_About this task_
For this exercise, return only the lines in the records below from the one holding "APRONAX® PRO" through the one holding "HOCHFLORTEPPICH 65/130 cm", including both, exactly as they appear and without pictures.

_Data records_
====================
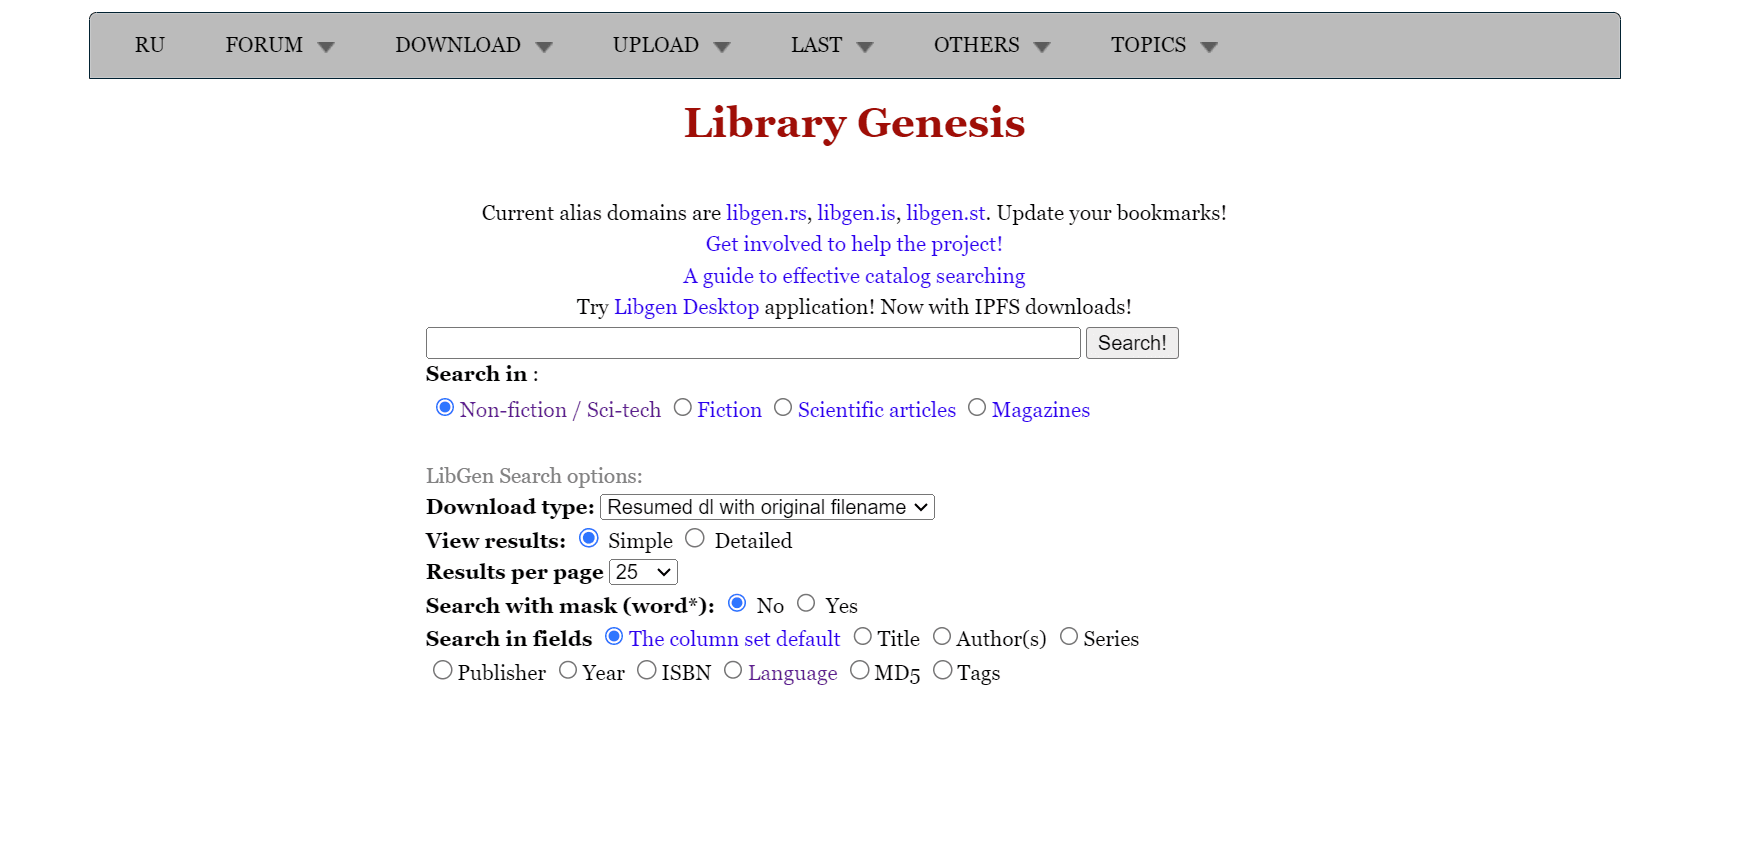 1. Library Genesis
====================
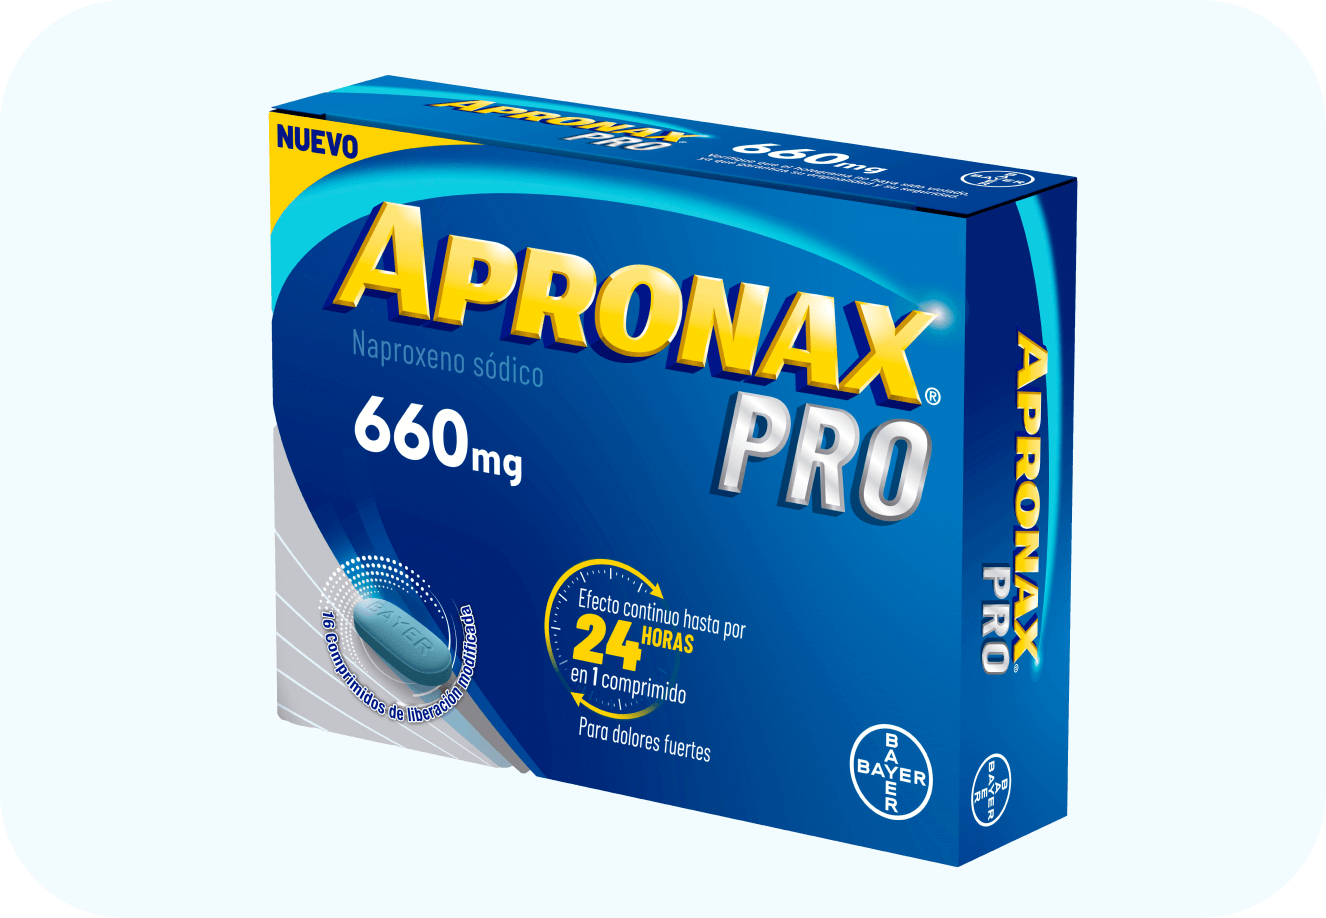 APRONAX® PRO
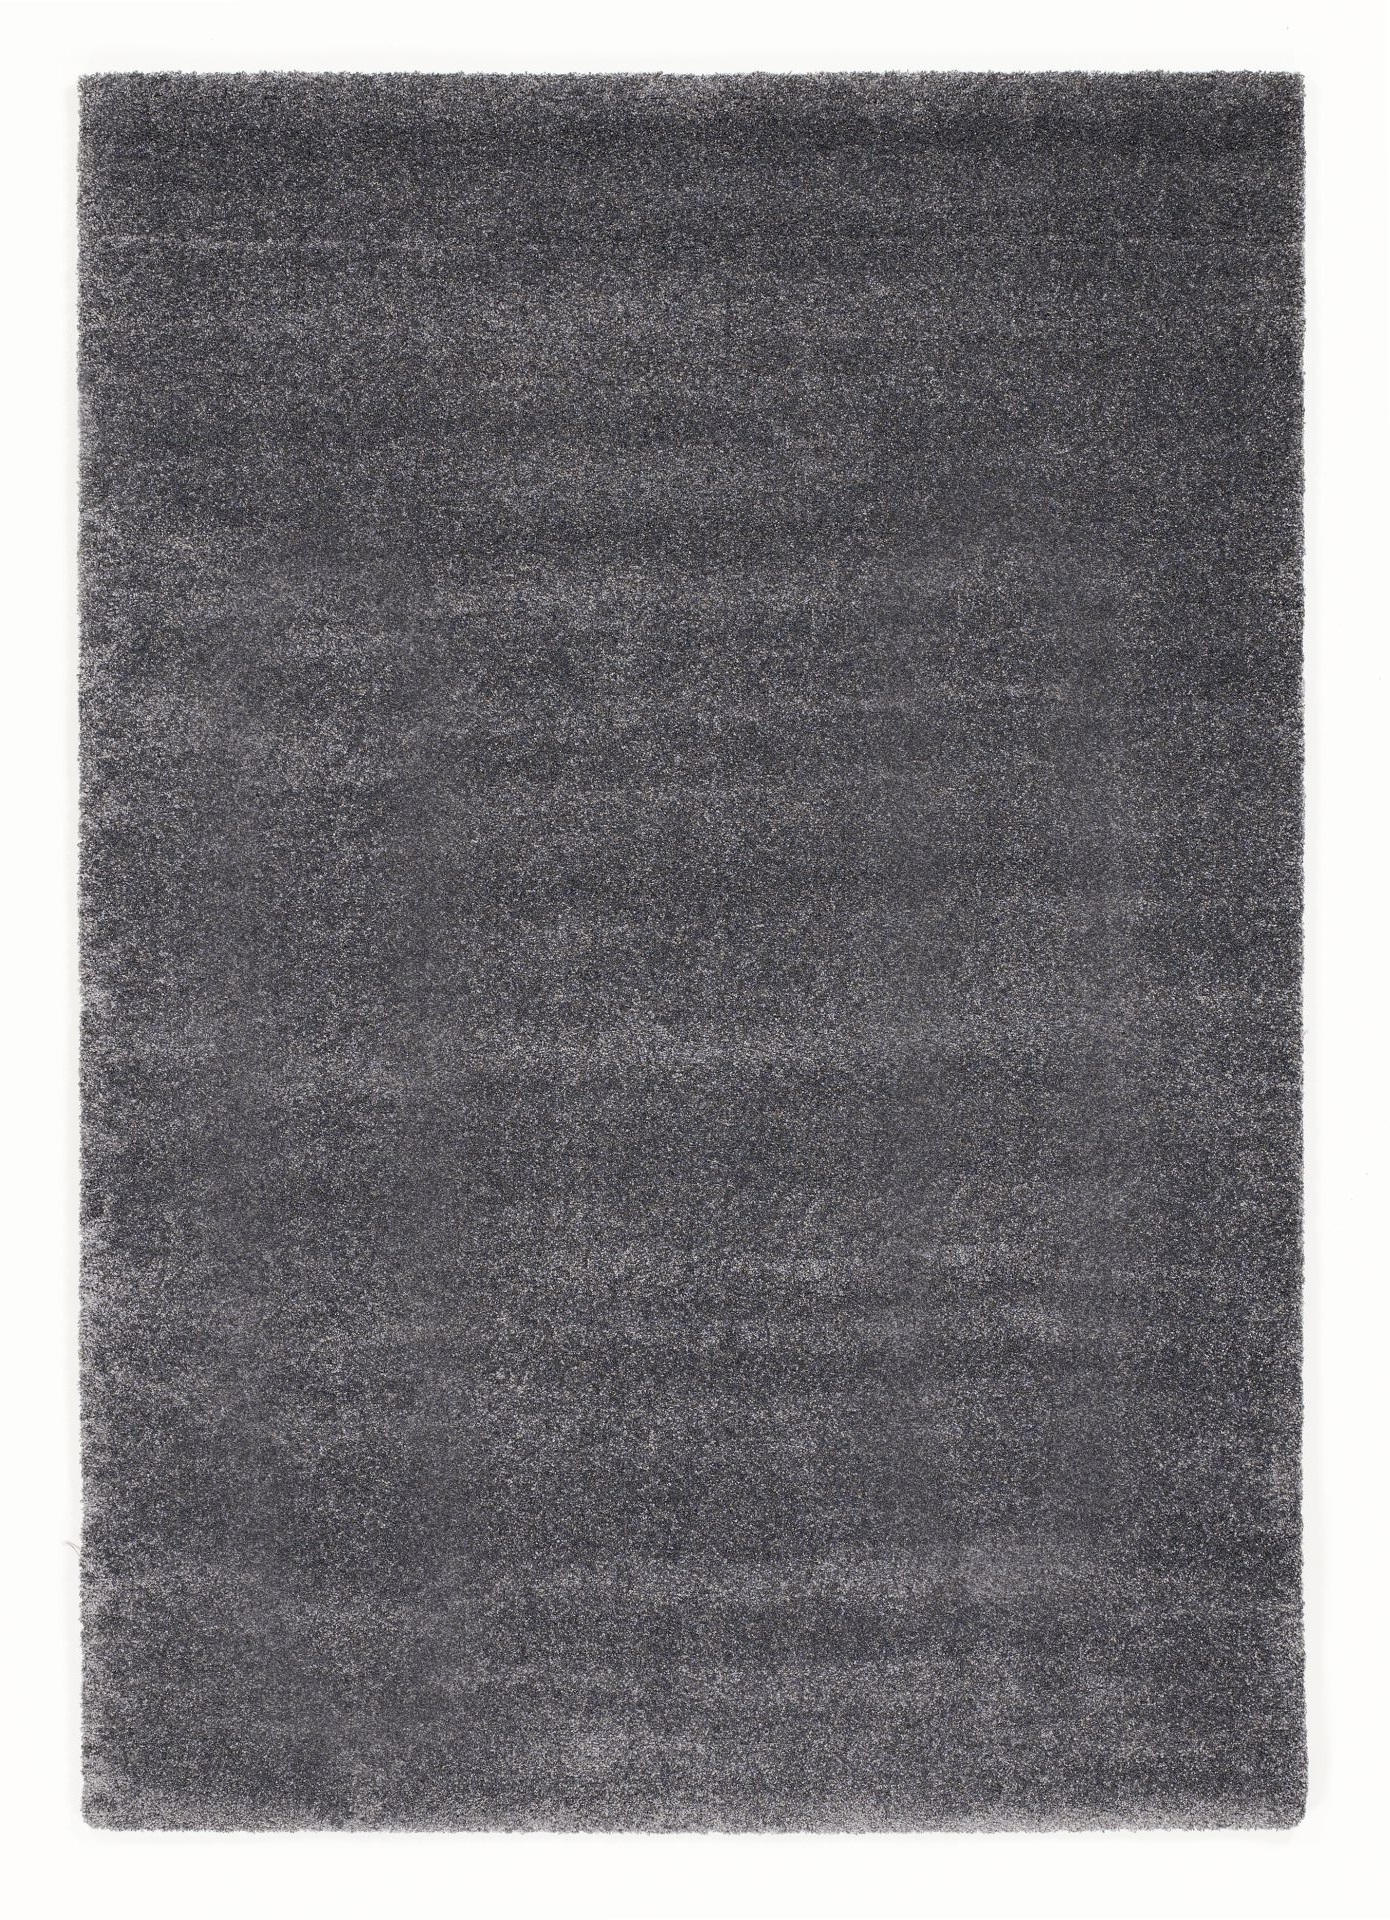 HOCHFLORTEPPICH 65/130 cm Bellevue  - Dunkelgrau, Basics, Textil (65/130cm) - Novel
====================
_Task output_
 APRONAX® PRO
 HOCHFLORTEPPICH 65/130 cm Bellevue  - Dunkelgrau, Basics, Textil (65/130cm) - Novel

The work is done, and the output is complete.